Knock Knock who's there its black george washington.

knock knock whoses there whose home whoses home who? you

WHATS A GREAT RAVE TUNE KANE !!!!! TUCKER !!!!!!!! DUH DUH DUH DUH DUH !!!!!!!!!!!!!!

KCLTLMBAIMWSSHTCAWGAHW

Why wouldn't Rose let go of Jack? Freddie told her that he was just a poor boy and nobody loves him.

VITAMIN C!

Why did the lion get lost? Because the jungle is massive

why does the gay guy like anal-sex? because he's gay.

Wanna know what I don't get? I was gonna say yo face, but that would be mean.

Why do new moms put "BABY ON BOARD" stickers on the backs of their cars? No reason. Hitting someone's car baby inside or not is against the law and very dangerous for passengers of any age.

Whats worse than driving a Ford Taurus? Driving two Ford Taurus'

Knock knock Who's there? No one ever mentioned someone named "there" it's me, Jim

When it comes ro the zodiac my grandmother was a cancer and... She ws killed by... A giant crab

Q. What do birds and a mouse have in common... A. Nothing there two different species

roses are red, violets are blue, if ruddell was black, he would smell of poo.

What does a grandmas vagina taste like? I don't know -- nor do I want to.

Why did the chicken cross the road? Who are we kidding, when have you ever seen a chicken crossing a road?

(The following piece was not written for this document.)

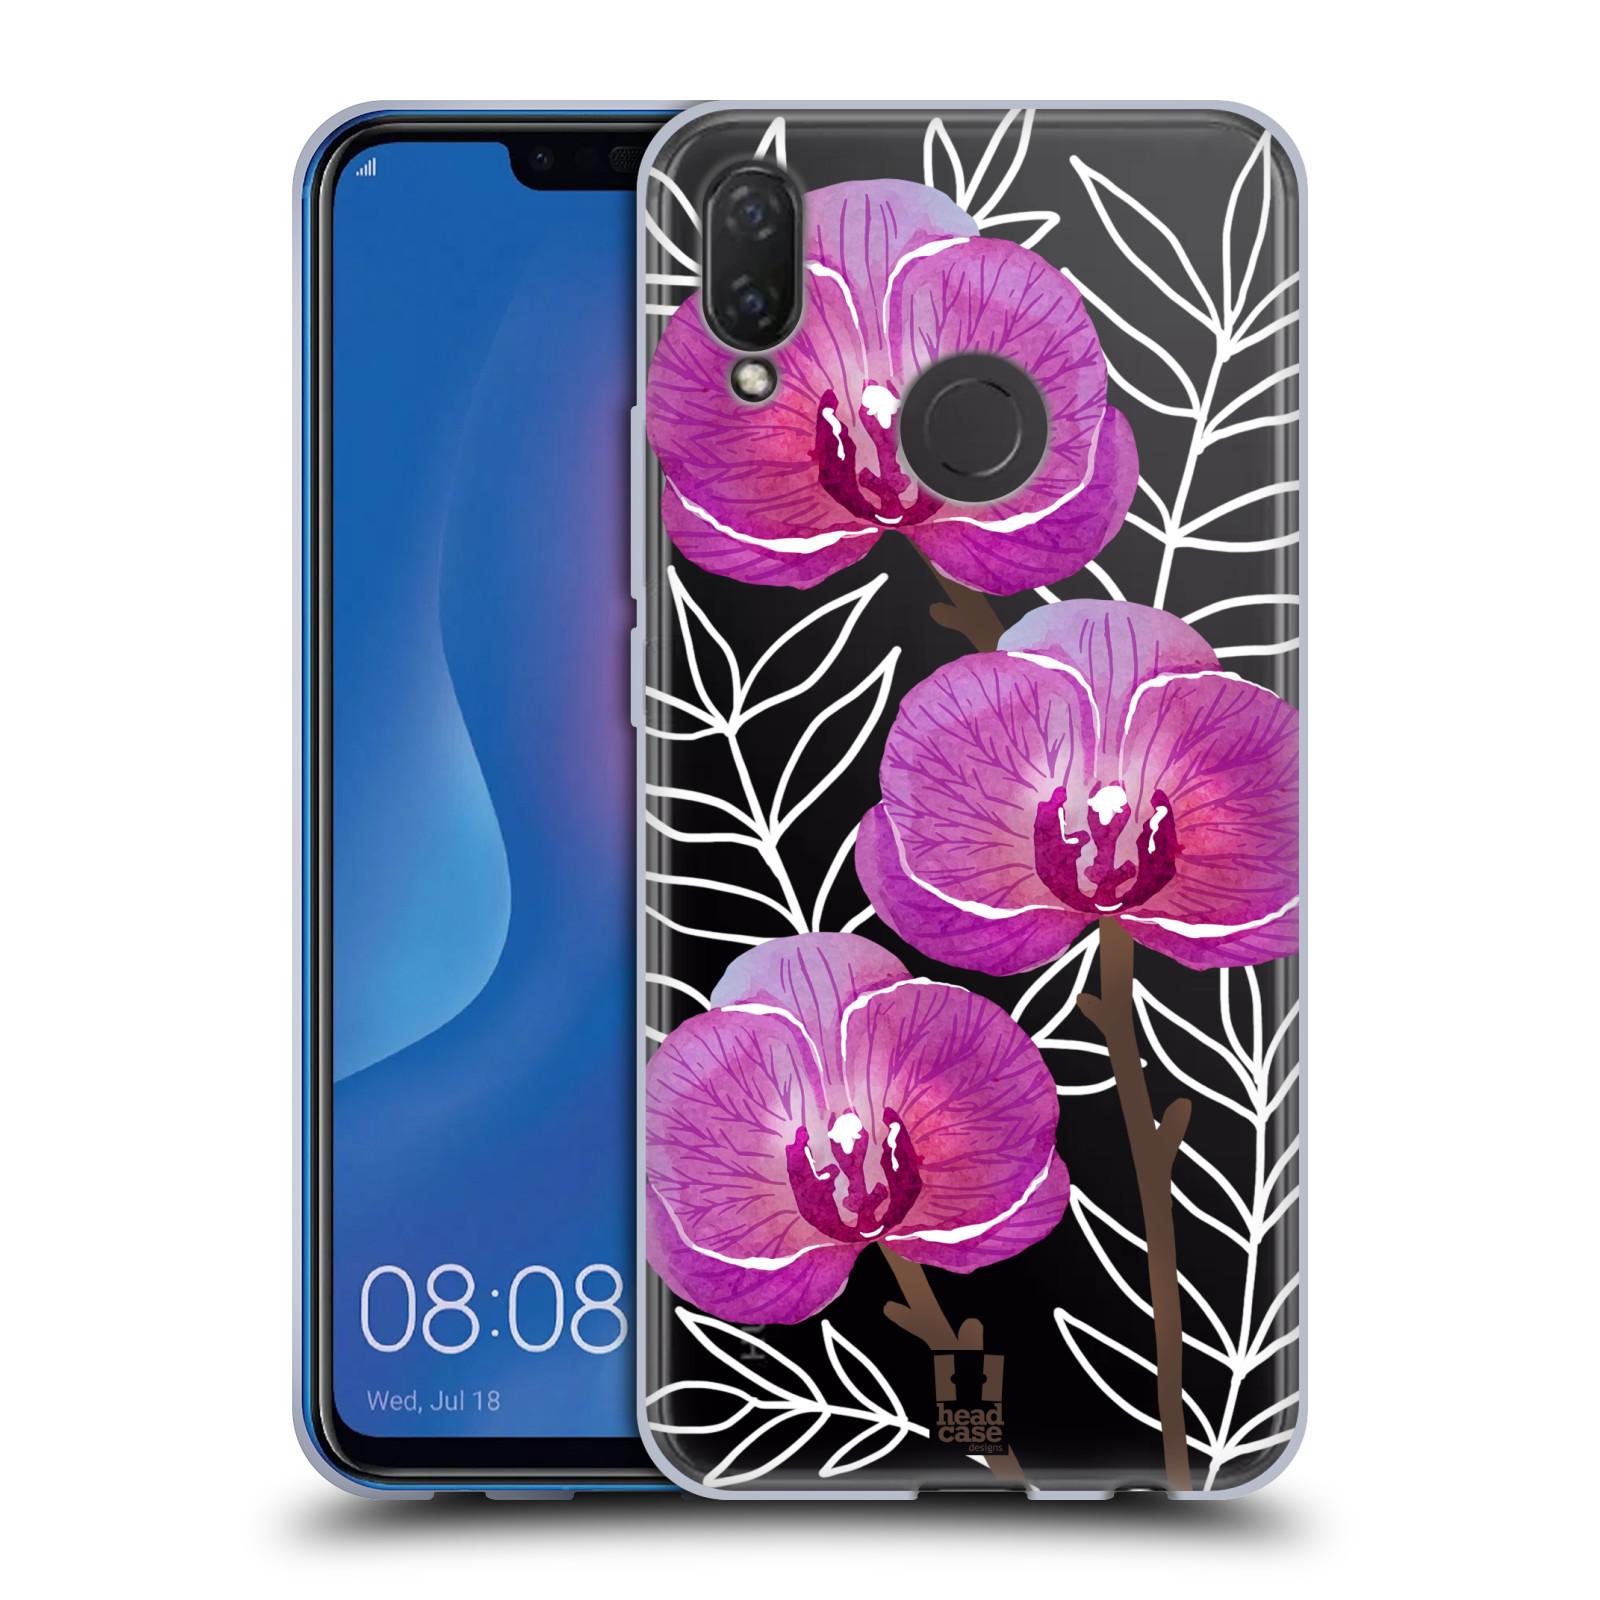 Silikonové pouzdro na mobil Huawei Nova 3i - Head Case - Hezoučké kvítky - průhledné

why was the teenage girl crying? She was molested as a child

Anti Joke

What are Antijokes? Anti Jokes (or Anti Humor) is a type of comedy in which the uses is set up to expect a typical joke setup however the joke ends with such anticlimax that it becomes funny in its own right. The lack of punchline is the punchline.

Our Updated iOS App!

We've just released huge update to the iOS app! Now, access all your favorite text and photo sites like Anti-Joke, DIYLOL! A few things didn't make the original cut (like comments) but they'll be back soon. Best of all, the app is now FREE! Get it here.

The Anti Joke Book


NEW ANTI-JOKE BOOK!  Now that we've resolved the printing issues with our publisher, check out the BRAND SPANKING NEW Anti-Joke Book!

MOAR??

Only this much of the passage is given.